With celery 4.1.1 and kombu 4.2.0 the bug one of the workers has become unresponsive after 50 jobs (with max jobs per worker set to 10).
I'm going to test with 'master'.
Please let us know your latest resolution about this issue @mvaled with celery 4.2rc4
I'm deploying a staging server with celery 4.2rc4.
After 2 hours deployed in the staging server all workers are still online. I have max tasks to 10 to ensure a high recycling of workers processes. I've noticed however that one worker has not been given any job, which is really strange.
interesting! so its improving ?
I'm really suspicious about it, but after 24 hours running all workers remain online. @auvipy What do you think? Are there any commits touching the (probably) involved components?
hehe.. quite tough but might take time to spot them
And after 2110 jobs, one worker went down :(
According to the backlog in the queue is down for about 8hrs already:
$ redis-cli -n 9 llen 'odoo-10.0.cdr'
(integer) 484
May be this bug is related to https://github.com/celery/celery/issues/3898. By the way i have noticed same behavior when task fails with timeout (if time_limit is specified). After removing hiredis everything works properly. Do you have hiredis installed?
I do have hiredis installed. I'm gonna try without it.
I'd be interested in whether mvaled still has the same issues even without hiredis
. I expect, or maybe hope, that he's still seeing the same issue as it reflects my own experience including with Celery 4.2 even though we're on very different platforms (I'm on FreeBSD running my celery processes in a jail. If I run redis within the jail I don't see these issues over the short time that I've left it running which to me pointed to a network issue but I'm having no luck in tracking that down.)

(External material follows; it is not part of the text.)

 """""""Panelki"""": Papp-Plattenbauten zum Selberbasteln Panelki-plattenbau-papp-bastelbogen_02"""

I'm sorry I didn't report sooner. But the staging server was a bit messed up and I need to redeploy it without hiredis.
I've just redeployed the staging server without hiredis. Let's wait and see.

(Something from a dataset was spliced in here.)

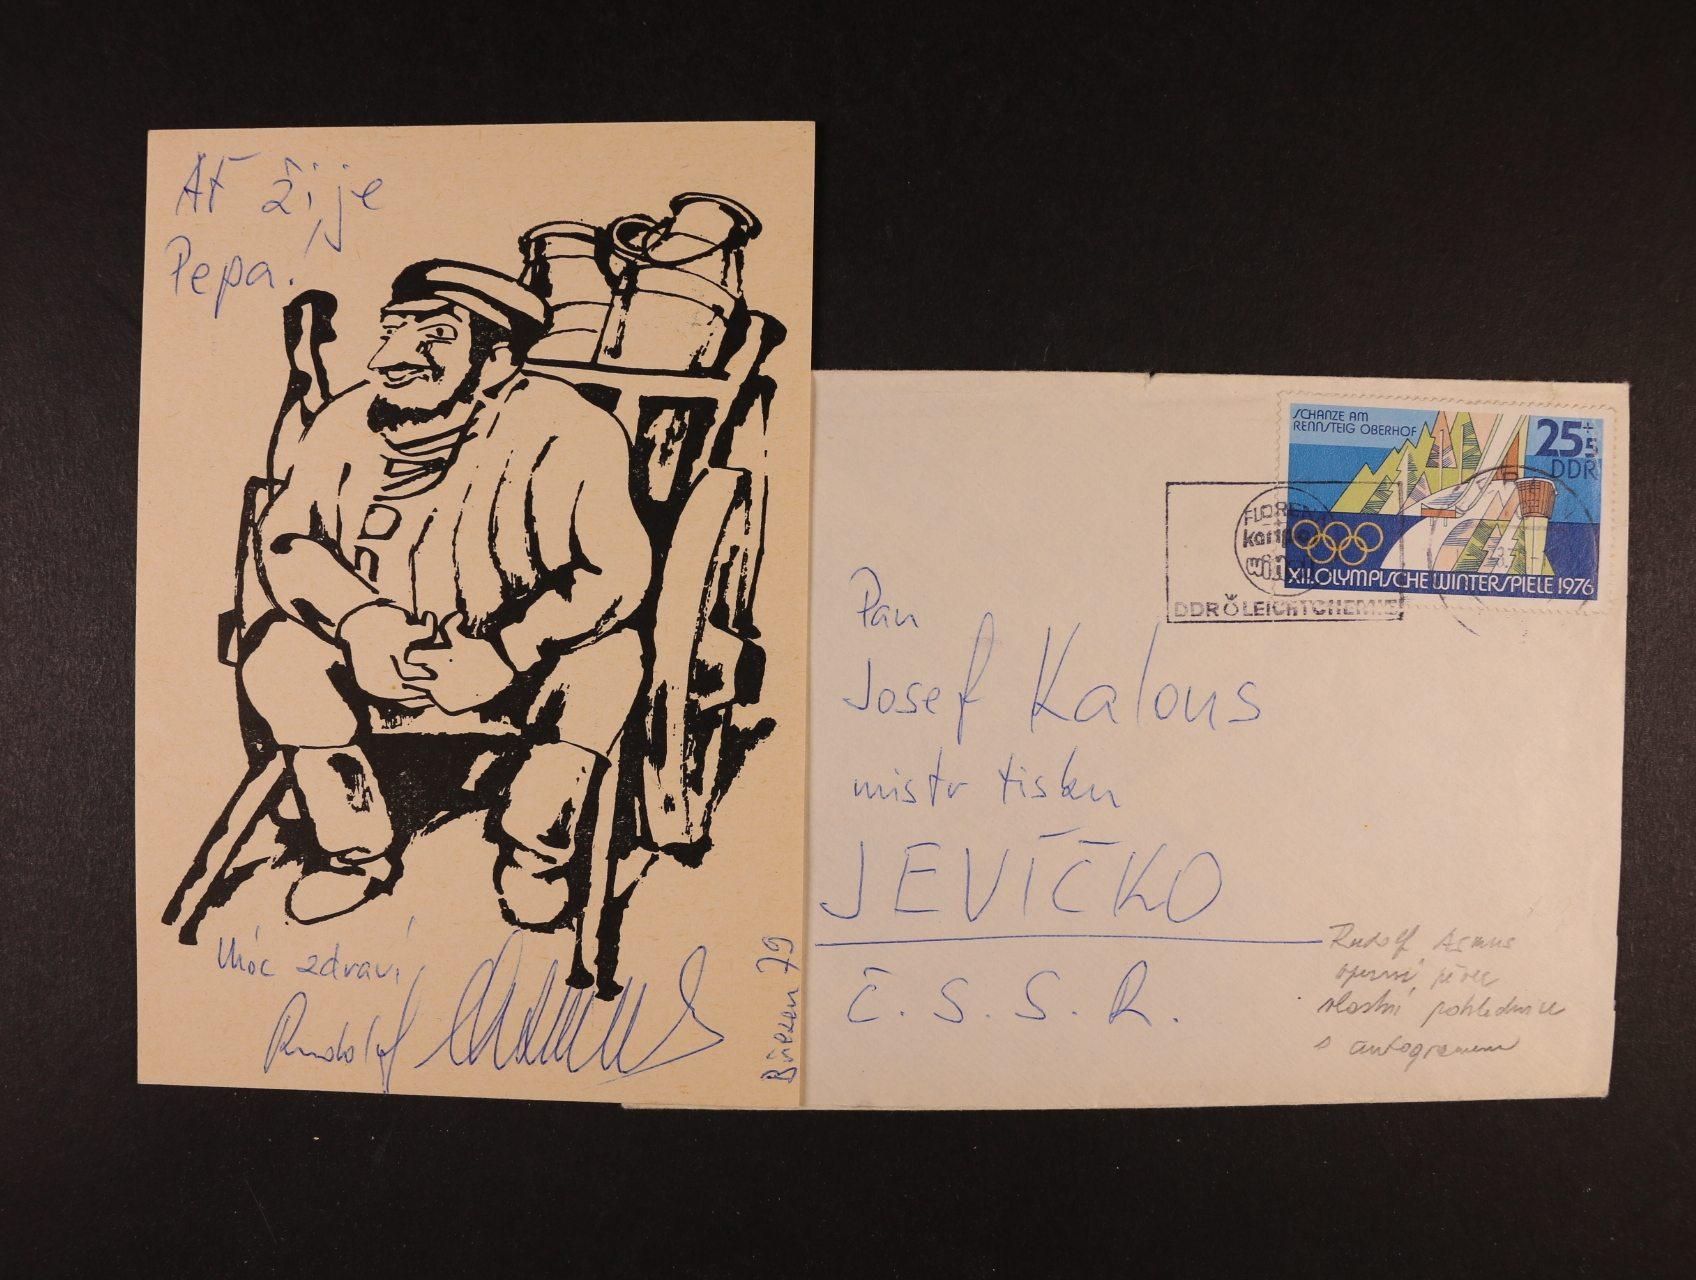 Asmus Rudolf, operní pěvec - karikaturní pohlednice s vlastnoručním podpisem z března 1979

BTW; I'm using the recently released 4.2.0.
hope for the best
... plan for the worst, for then all your surprises will be pleasant ones :)
21hrs has flown and all workers are still alive. So, maybe hiredis... Tomorrow I'll check again.
looking forward
Well, another 23hrs with the workers alive. Should we close this issue and let it be dealt in #3898?
I'd say if it's looking like the same cause then this should be closed. My issue, which seemed very similar, was eventually tracked down to an issue with our configuration management which was restarting the firewall process every run (every 30 mins) which lead to the workers deadlocking.
Lets be optimistic and closing it as part of 4.2, but will re open if the error hit back.
Most helpful comment
Nope. But today, when I arrived a work, flower was showing again the 'offline' worker after 2000 tasks.
I vote to keep this open. Maybe I can find a little bit of time to make a deeper investigation.